Without another word, the cop went back to his car, and I was left in the Taurus, leg burning, salt beginning to soak into my now-dry skin.  Another eternity went by as I waited for the officer to return, presumably with a vial of jellyfish antidote that every Pensacola cop carries in their car.  Instead, he came back with a paper.

 “I’m giving you a warning,” he said.  “But if I catch you speeding through another school zone, I’m gonna drop the hammer on you.”  He handed me the paper.  “Children are our future.”

I didn’t know what to say.  “Um… thanks?” I managed.  “But honestly, do I need to go to a hospital, or something?  Can you die of a jellyfish sting?”

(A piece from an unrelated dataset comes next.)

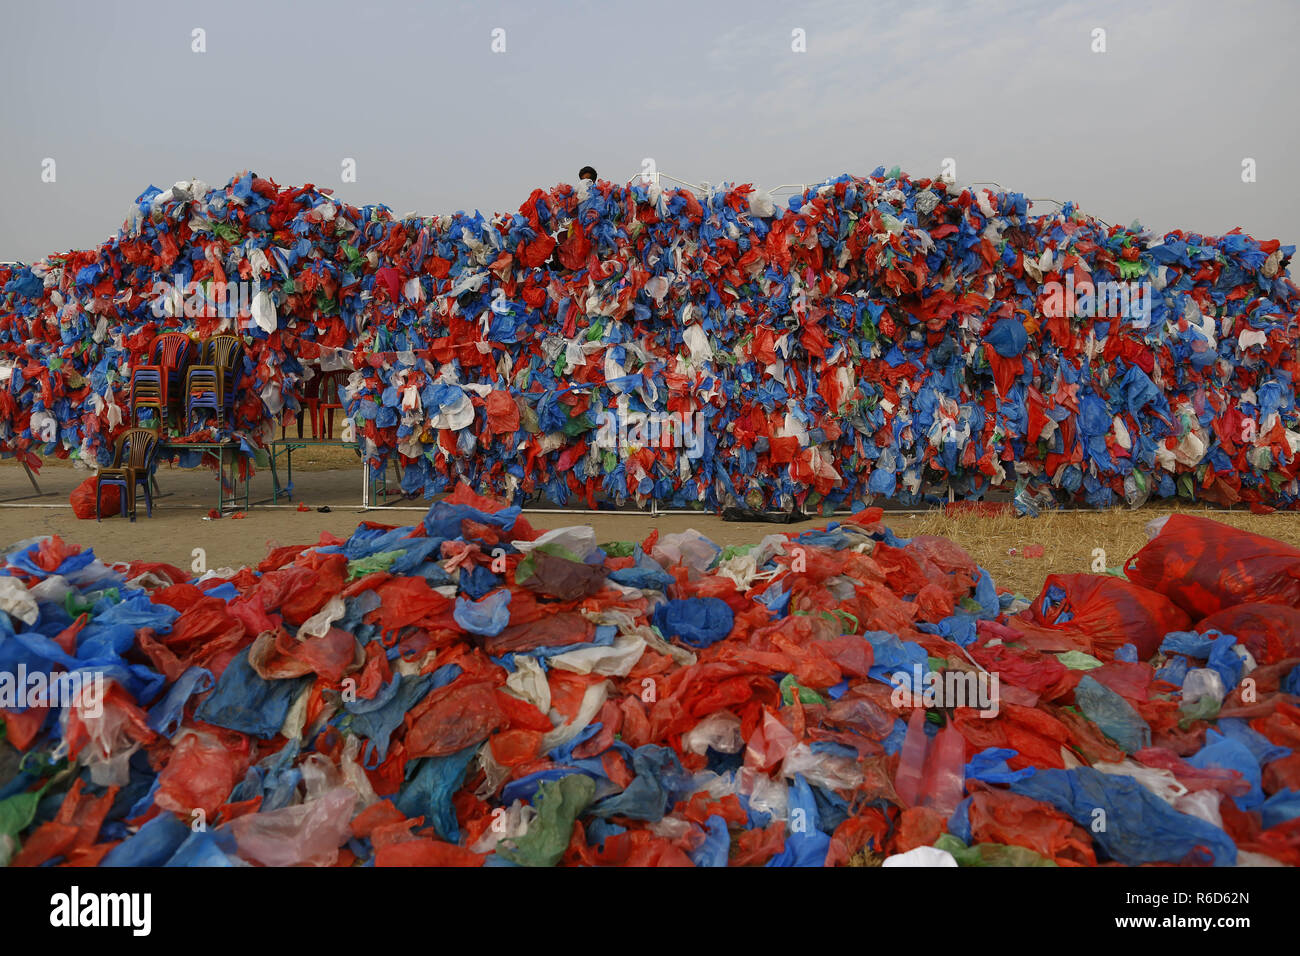 Kathmandu, Nepal. 5th Dec, 2018. Volunteers make the Dead Sea map in an attempt to break the Guinness World Records using the highest number of plastic bags with the slogan ''One Dead Sea is enough for us'' at Tundikhel grounds in Kathmandu, Nepal on Wednesday, December 05, 2018. Credit: Skanda Gautam/ZUMA Wire/Alamy Live News Stock Photo

“I told you, it’s not bad,” said the cop, standing to his full height.  “You may not even have been stung by a jellyfish.”

And he was gone.

I started the Taurus and headed west.  I called Craig, my cancer-curing doctor friend in St. Louis, and he assured me that no, I was not going to die of a jellyfish sting.[8]  After an hour or so my leg stopped throbbing, and the swelling went away.  As I entered Mobile and started looking for something interesting to do in Alabama, it occurred to me that I’d gotten my adventure in Florida after all.  And, for a few hours at least, I hadn’t been the least bit lonely.

And that’s when I realized I’d left my shoes on the beach, back in Pensacola.

 

“The Jellyfish Cop” is an excerpt from “48 States in 48 Days,” a book by Paul Jury about a road trip he took to all 48 continental states once he graduated college and realized he had no plan.

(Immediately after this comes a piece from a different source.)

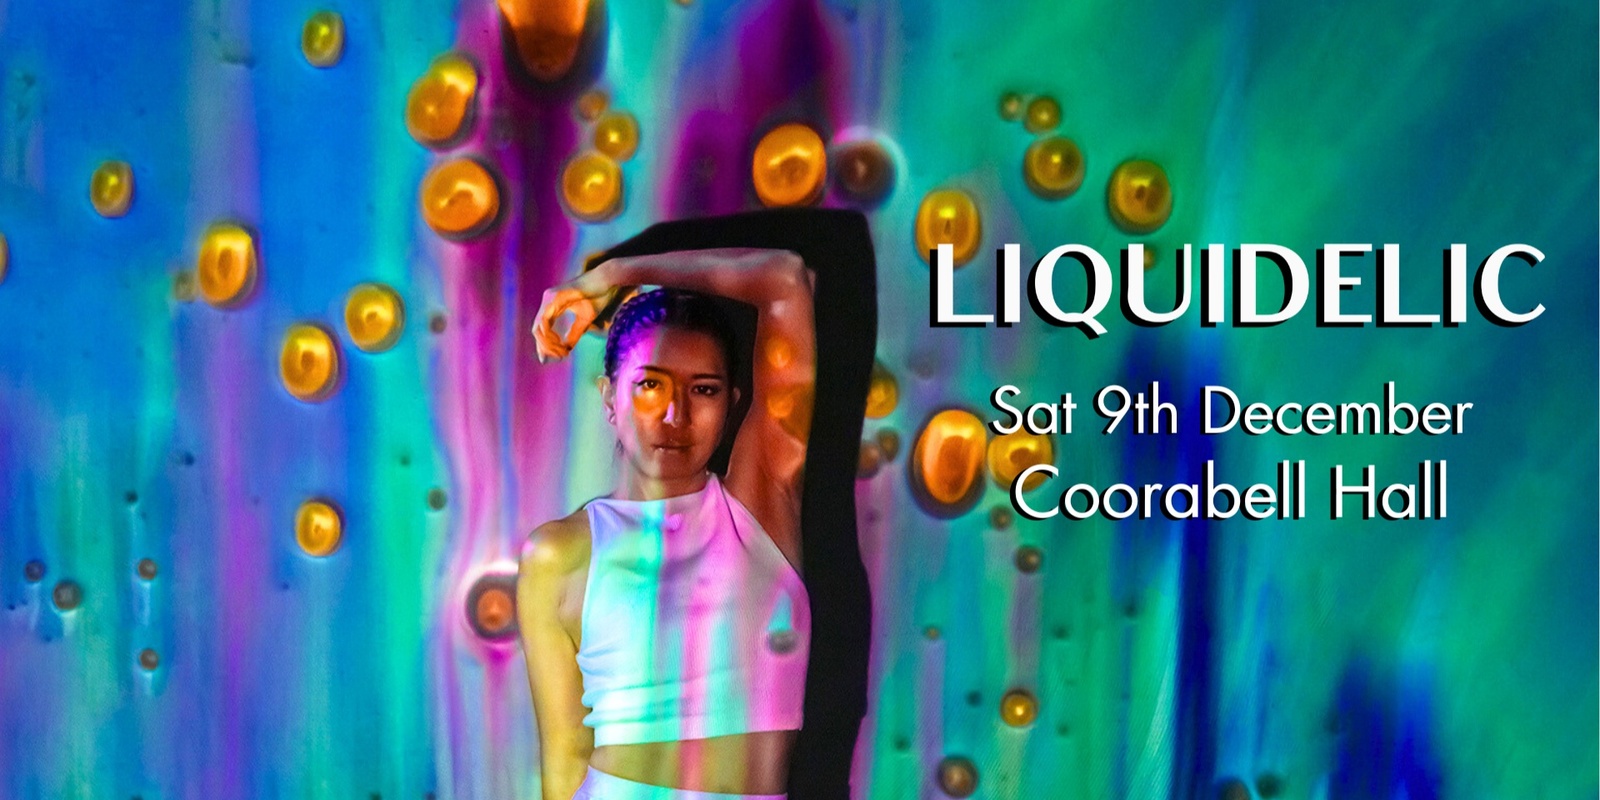 Banner image for Liquidelic at Coorabell Hall

[1] Perhaps it has something to do with partying too much every time I visit Florida. Nah.

[2] Who was not enthusiastic about my dodging her for eight weeks.

[3] Why Pensacola seemed like a good place for adventure, I don’t recall; I guess I’d recently seen the movie “Contact” and thought maybe I’d see Jodie Foster, or some aliens. 

[4] As a Minnesota boy, being stung by random crap in the ocean was not something I had a lot of experience with.

[5] And it’s not like I was even attacking their jellyfish nest! Though this vengeful thought would occur to me later.

[6] And the idea of laying sideways on the Pensacola sand peeing on myself seemed oddly inappropriate, even for someone who’d just slept on a beach.

[7] The rule was: I already had four of them on my record, and if I got one more, the Minnesota DMV had promised to tear up my license, something that seemed quite detrimental to a

48-state road trip.

                   [8] Did I mention it felt like my leg was going to fall off?